For squid 2.5: FAQ update

From: Robert Collins <robert.collins@dont-contact.us>
Date: Thu, 11 Jan 2001 10:43:40 +1100

This is a little early to go up, but I thought I'd write up the change now so it's out of the way.

11.14 Squid an NTLM Authentication.

From Squid 2.5 squid comes with support for Microsoft NTLM authentication. There are limits on our support: We cannot proxy
connections to a origin server that use NTLM authentication, but we can act as a web accelerator or proxy server and authenticate
the client connection using NTLM.

We support NT4, Samba, and Windows 2000 Domain Controllers. For more information get squid 2.5 and run ./configure --help.

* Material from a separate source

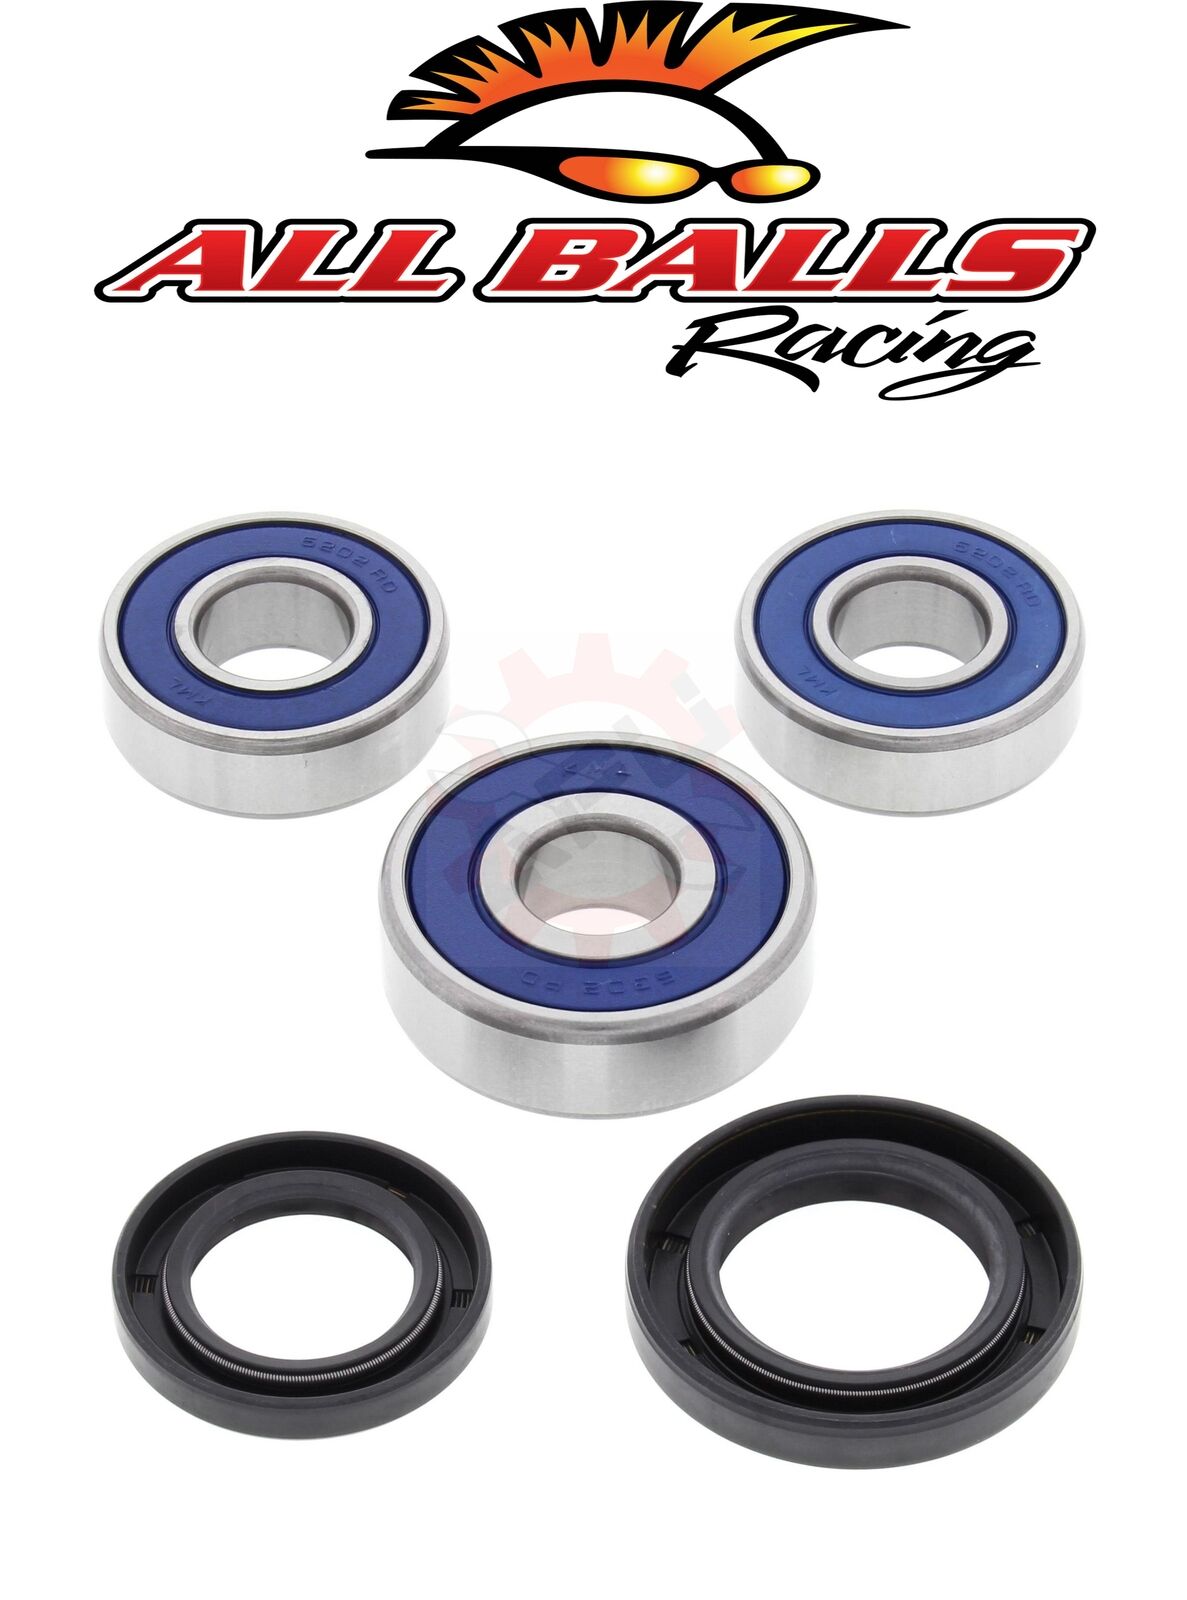 Rear Wheel Bearings TTR225 99-04 TTR230 05-17 Yamaha ALL BALLS 25-1201

Why we cannot proxy NTLM even though we can use it.
Quoting from summary at the end of the browser authentication section in
http://support.microsoft.com/support/kb/articles/Q198/1/16.ASP
In summary, Basic authentication does not require an implicit end-to-end state, and can therefore be used through a proxy server.
Windows NT Challenge/Response authentication requires implicit end-to-end state and will not work through a proxy server.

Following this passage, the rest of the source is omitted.